Эта страстная речь завершилась слезами, но когда Феба, ухватившись за ее последнюю жалобу, попыталась втолковать измученной красавице, как безответственно она поступает, готовясь совершить с Эдмундом переход по бурному морю, не обеспечив ему надежный уход, Ианта заявила, что скорее пожертвует своим здоровьем, комфортом и душевным благополучием, нежели откажется от сына; но потом, позабыв о благородных порывах, все-таки добавила:
– Люди станут говорить, что богатство и роскошь мне дороже Эдмунда!
Поскольку это было более чем вероятно, Феба не нашлась, чем утешить ее; но, едва она успела пролепетать какие-то банальности, как Ианте в голову пришла блестящая мысль и она с просветлевшим лицом даже приподнялась на койке.
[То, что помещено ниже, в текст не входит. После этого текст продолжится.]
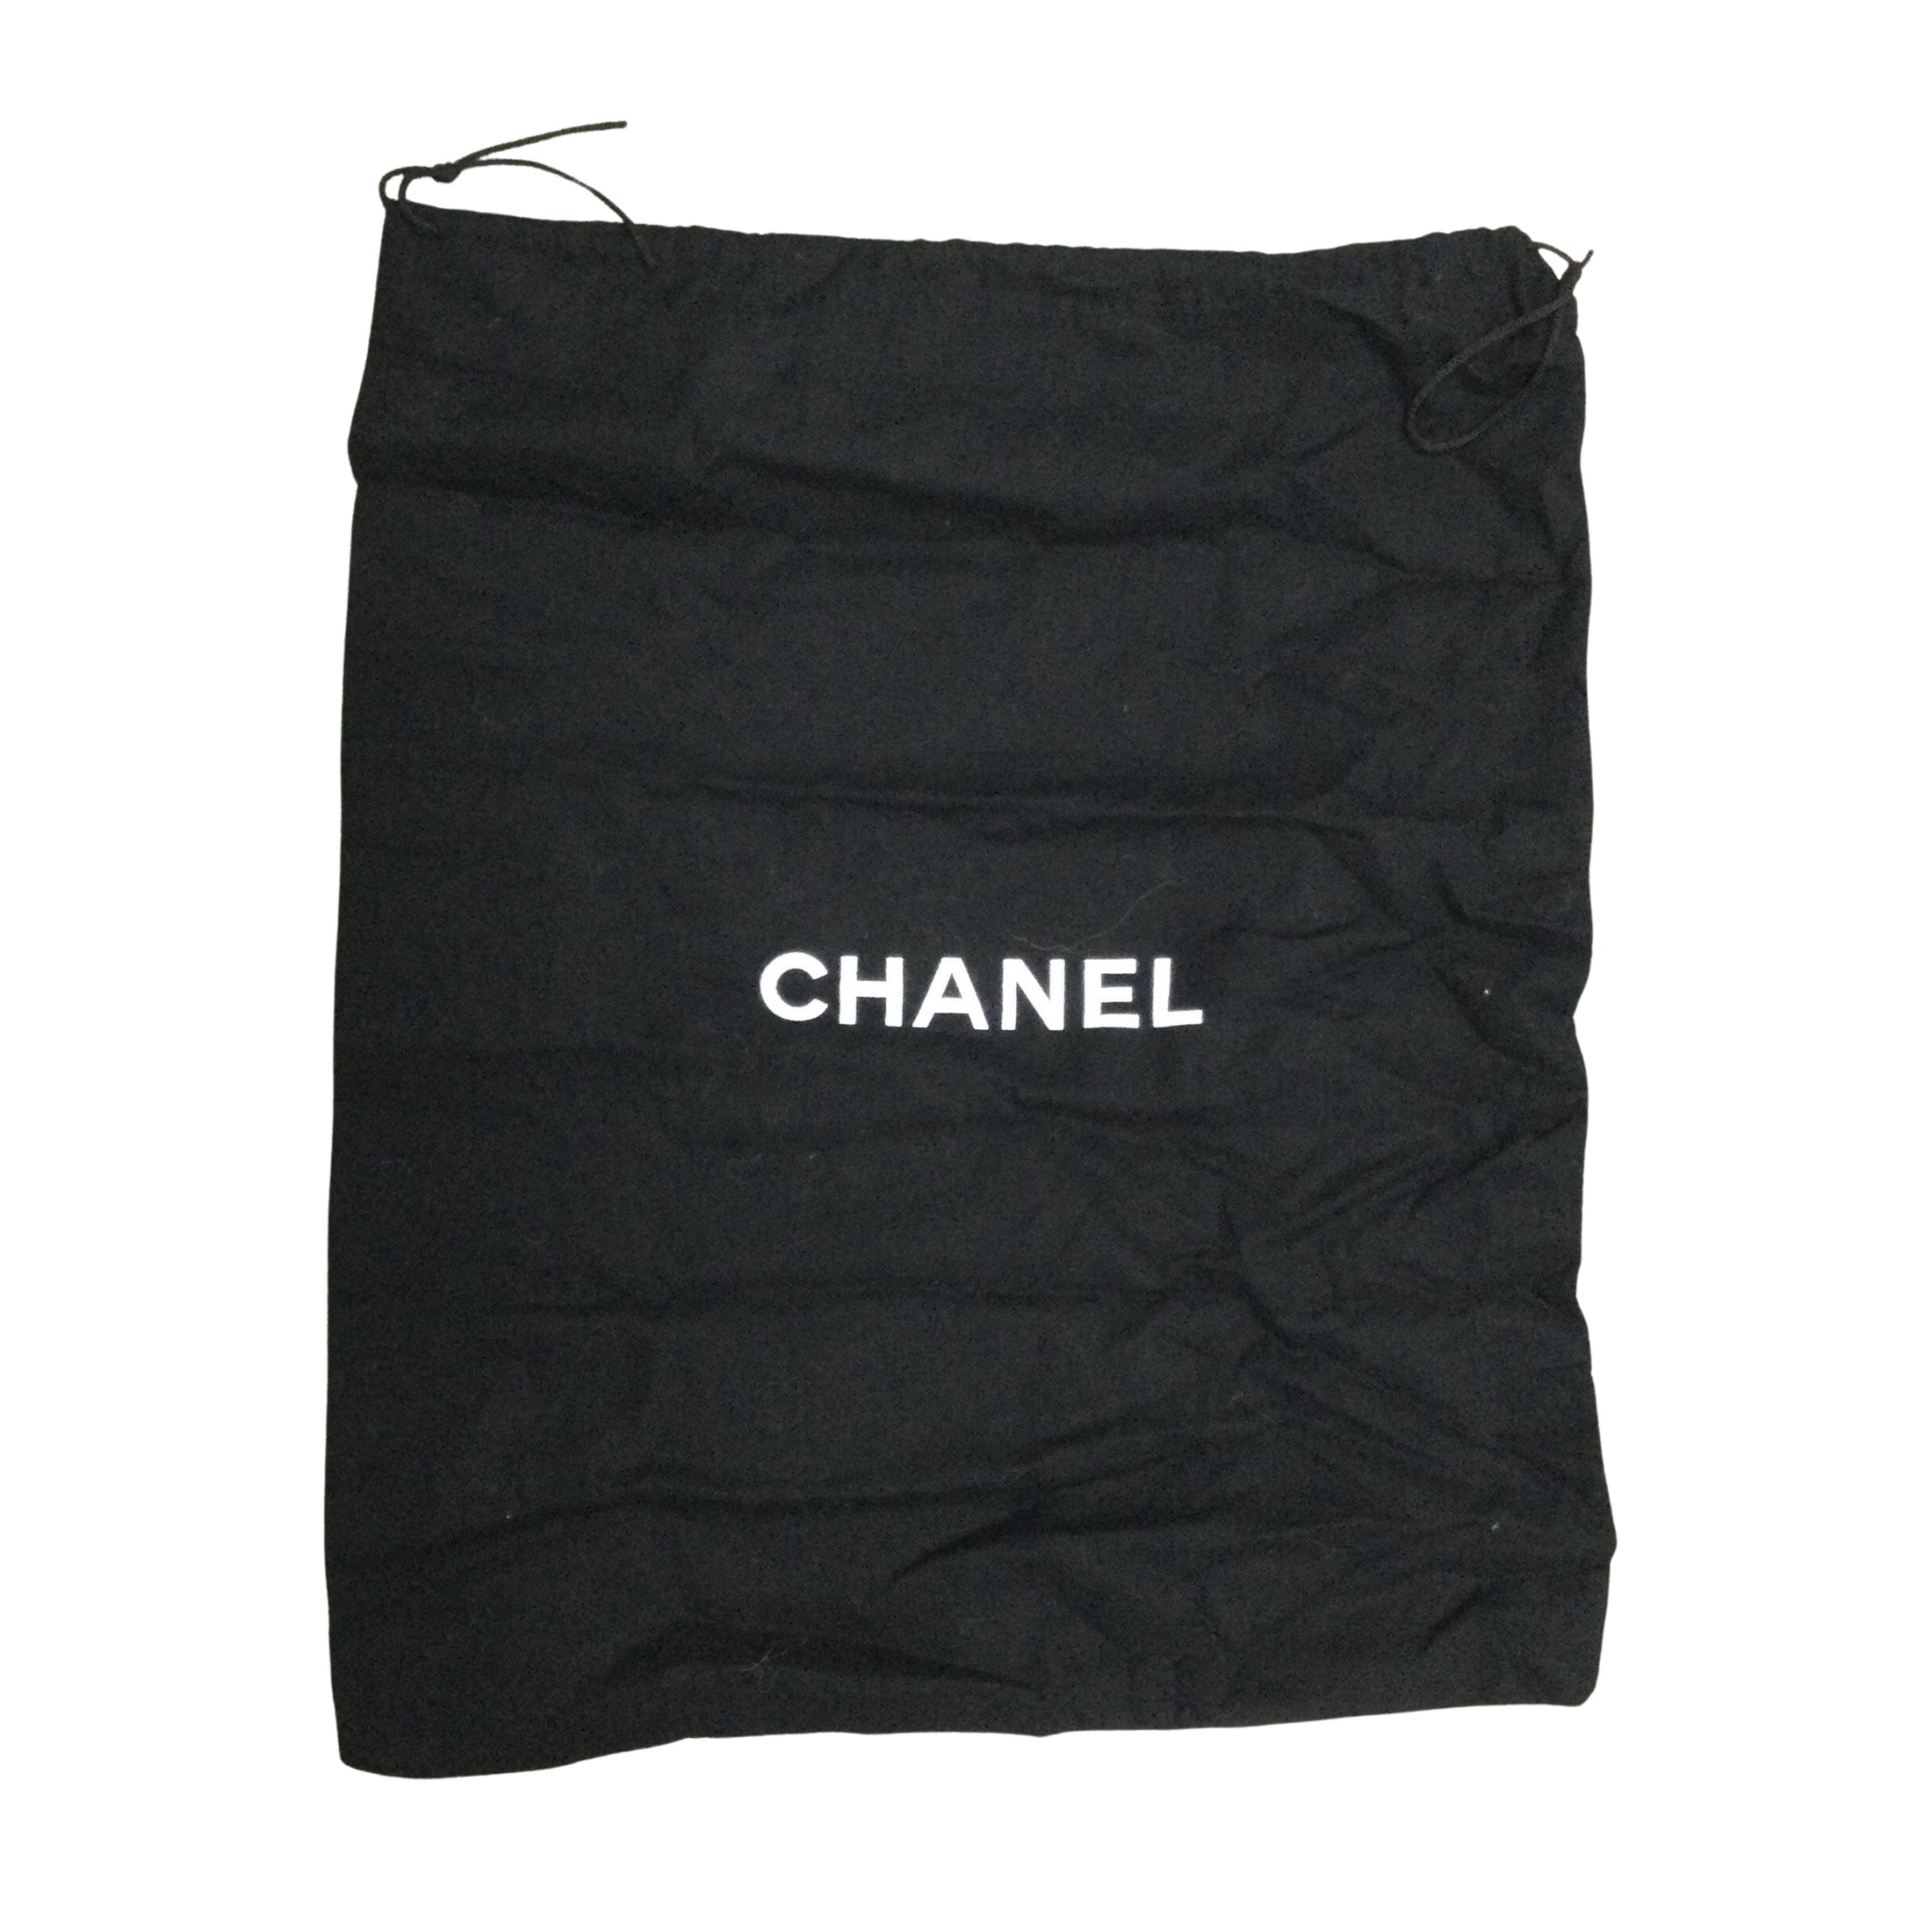 Chanel Pony and Leather Frame Black Calf Hair Clutch

– О, мисс Марлоу, я придумала, что мы сделаем! Мы возьмем вас с собой! До самого Парижа. Возражений быть не может: вы и сами собирались туда, и я уверена, вам вовсе не обязательно путешествовать в обществе леди Ингам, если вы того не захотите! Она присоединится к вам уже в Париже – а до ее приезда можете остановиться в посольстве: устроить это легче простого! – леди же Ингам вполне благополучно проделает этот путь и без вас. Не забывайте, у нее есть горничная! Я уверена, она первой согласится, что я не должна путешествовать без спутницы, которая оказала бы мне поддержку! Ох, мисс Марлоу, умоляю, скажите, что остаетесь со мной!
Мисс Марлоу еще не успела договорить, что не станет делать ничего подобного, как сэр Ньюджент вновь попросил у своей возлюбленной разрешения войти.
За ним по пятам следовал Том, коего он немедленно представил со всей щепетильностью. Том заявил: он просит у ее милости прощения за свою настойчивость, но пришел сообщить Фебе, что им пора сходить на берег. Красноречивый взгляд, устремленный юношей на подругу детства, подсказал ей, что все его попытки убедить сэра Ньюджента в недопустимости того, что он делает, оказались безуспешными.
Машинально улыбнувшись юноше, Ианта перестала обращать на него внимание и обратилась к сэру Ньюдженту, изложив ему свою блестящую идею. В лице мужа она обрела верного сторонника: он не только счел постигшее ее озарение гениальным, но и призвал Фебу и Тома присоединиться к его восторгам. Впрочем, желаемого ответа так и не добился. Поначалу вежливо, а потом и с подкупающей искренностью Том объяснил ему, что считает подобное предложение верхом идиотизма. Юноша заявил, что не согласится сопровождать их в Париж и не останется здесь, дабы объяснить леди Ингам, почему внучка бросила ее, и ничто не заставит его изменить свое решение.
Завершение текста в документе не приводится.